**** Source data

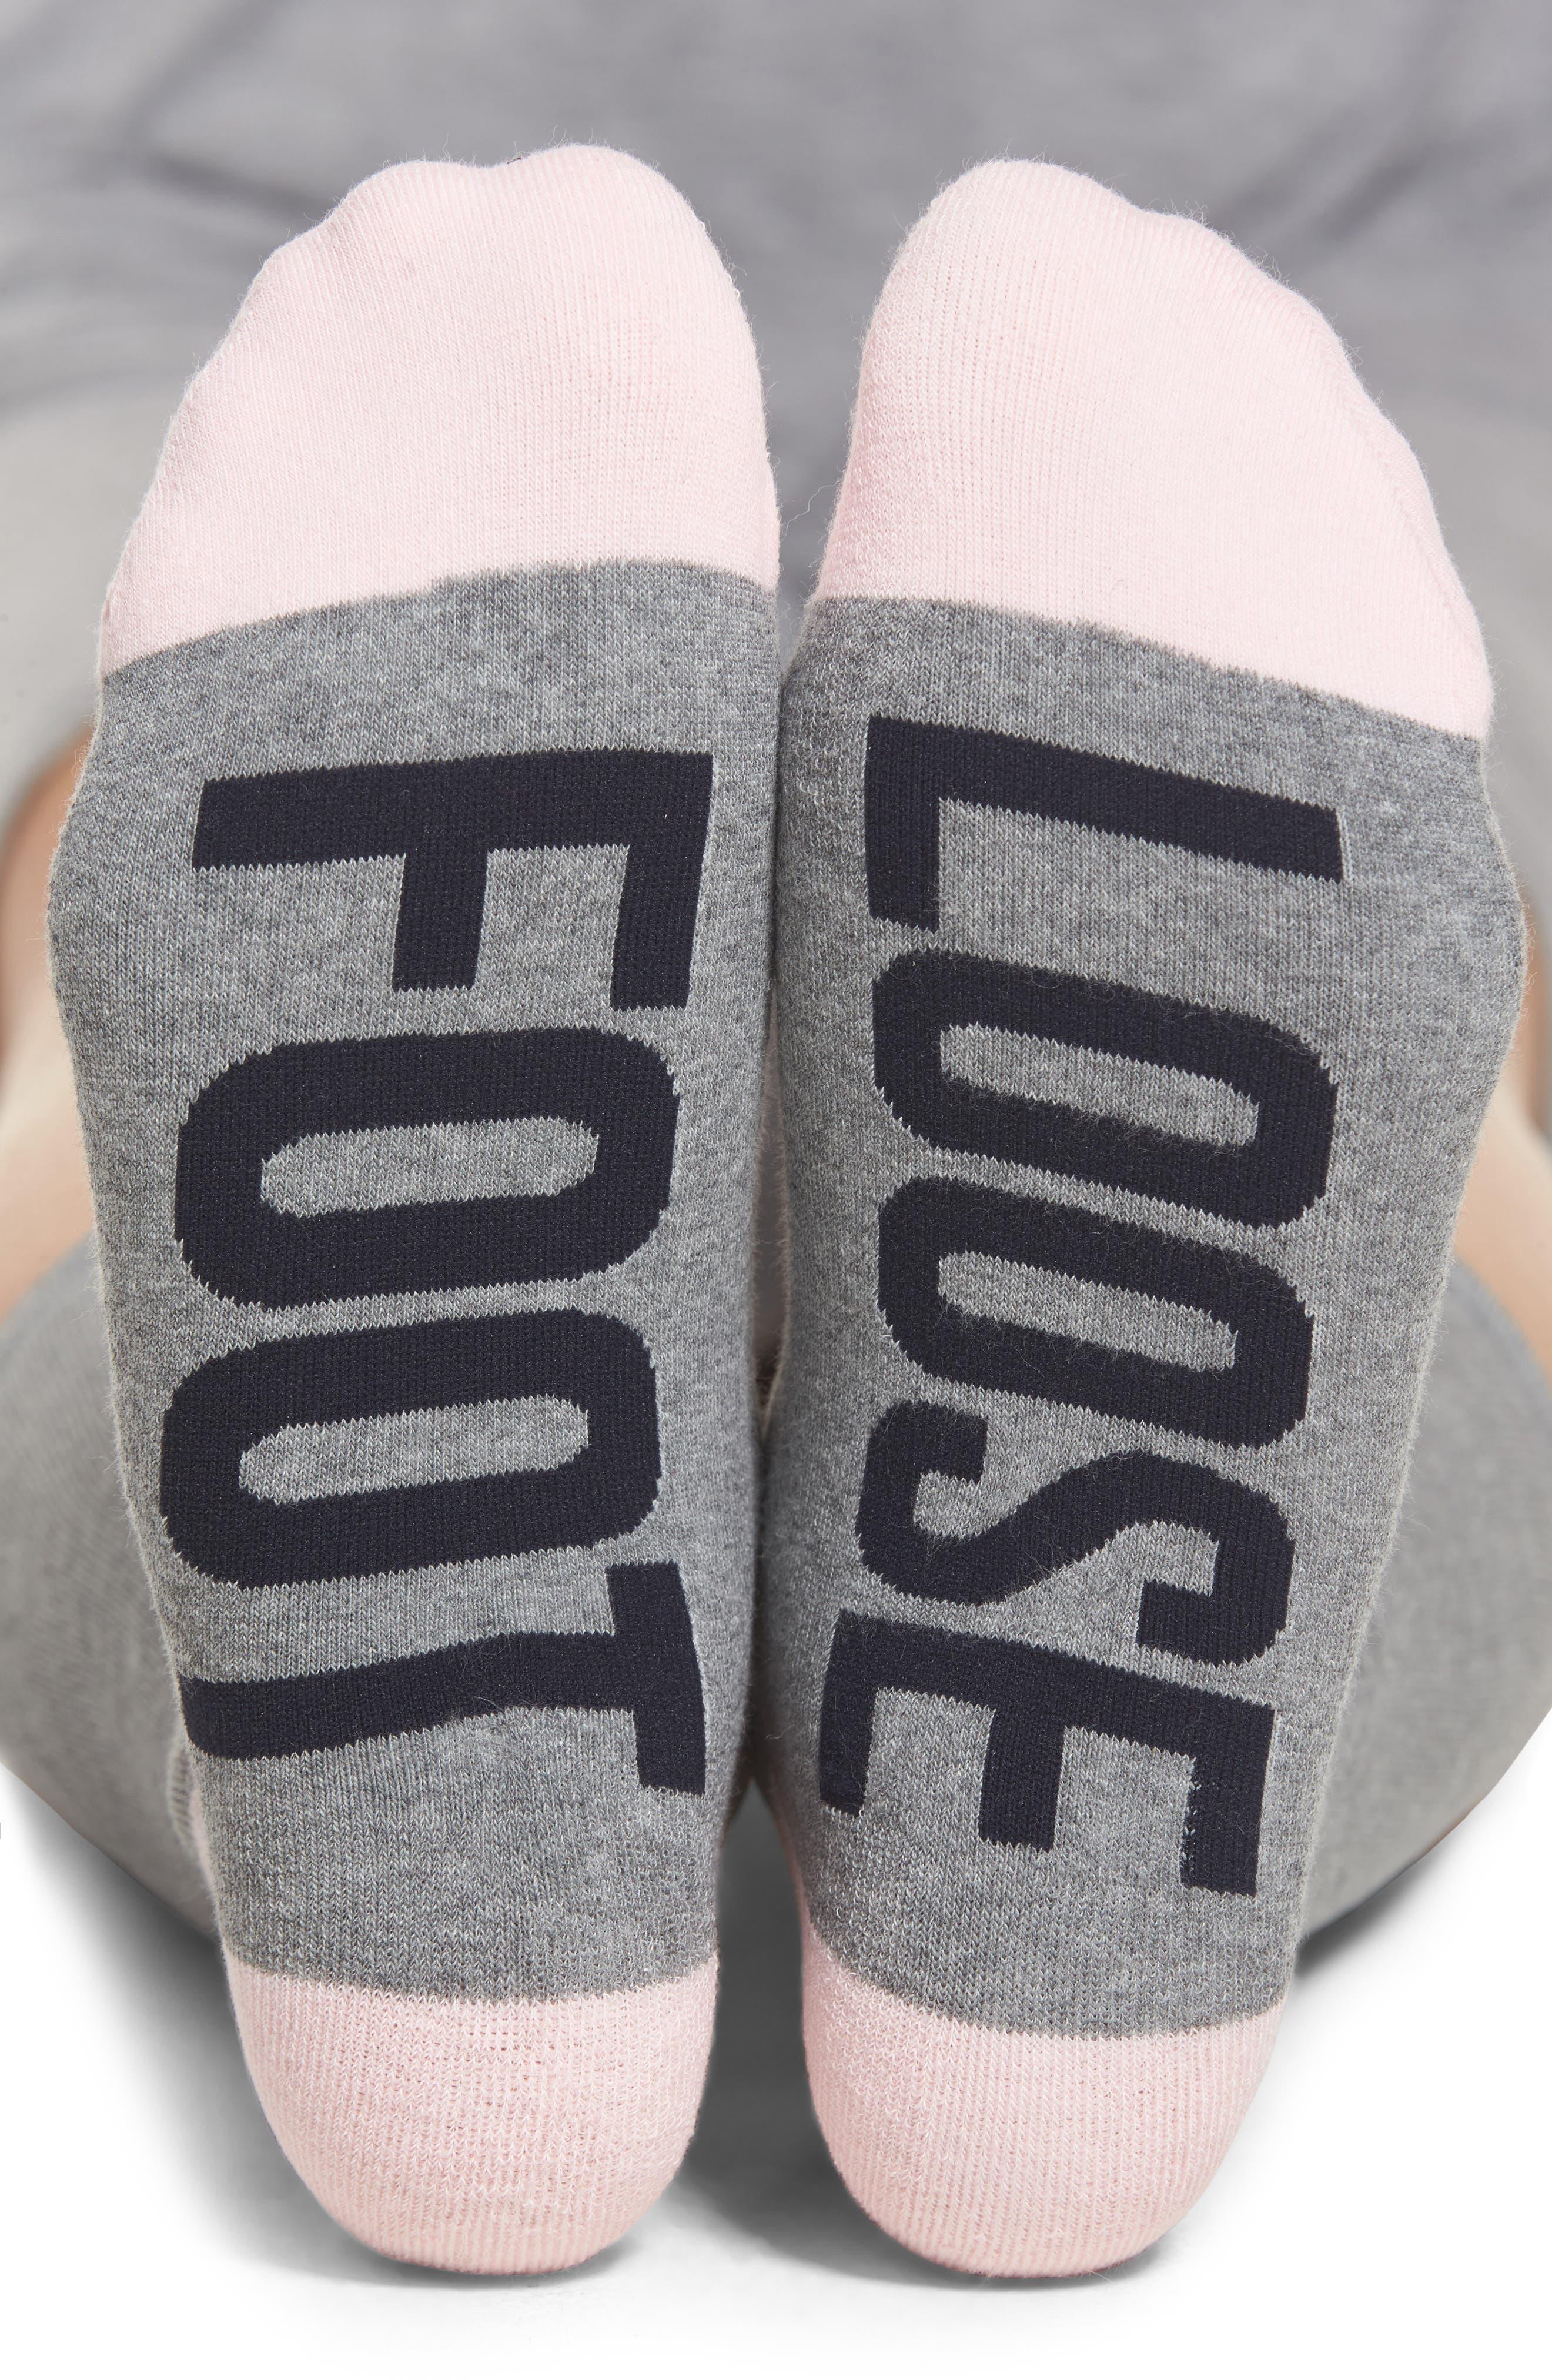 Foot Loose Crew Socks,                         Main,                         color, Grey Heather
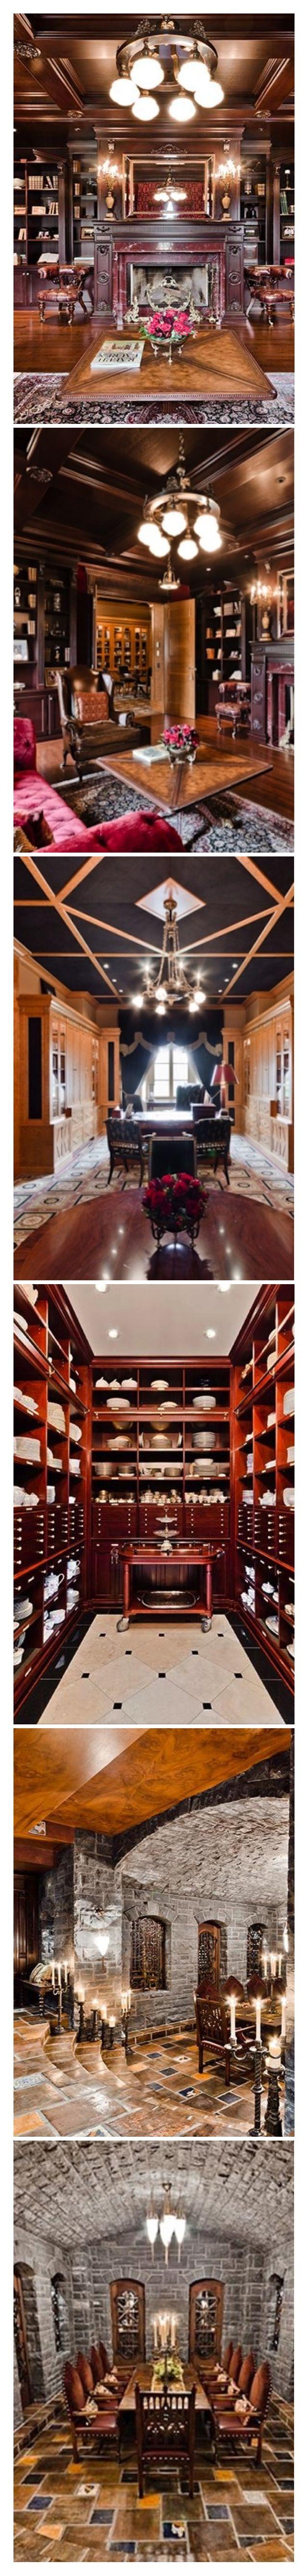 Celine Dion's Mansion for sale - Collage by #Luxurydotcom  http://designgallerist.com/blog/
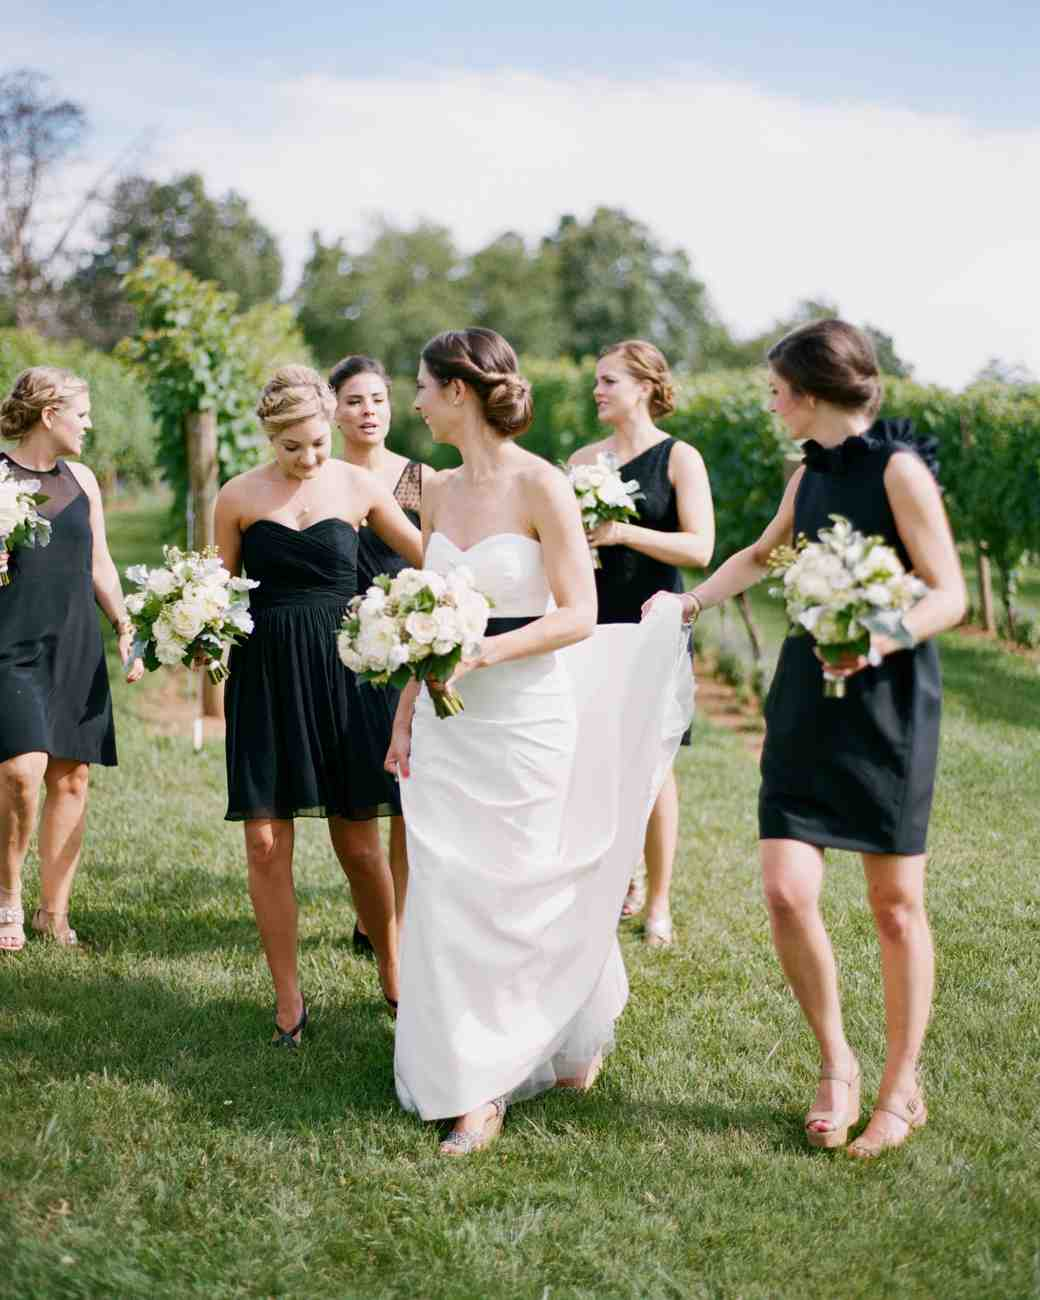 bridal-party-candids-6-0416.jpg

********

**Task to complete**
Leaving the pictures out, transcribe word for word the lines from the one with "Celine Dion's Mansion" to the end of the material above, inclusive, and nothing else.

**Result**
 Celine Dion's Mansion for sale - Collage by #Luxurydotcom  http://designgallerist.com/blog/
 bridal-party-candids-6-0416.jpg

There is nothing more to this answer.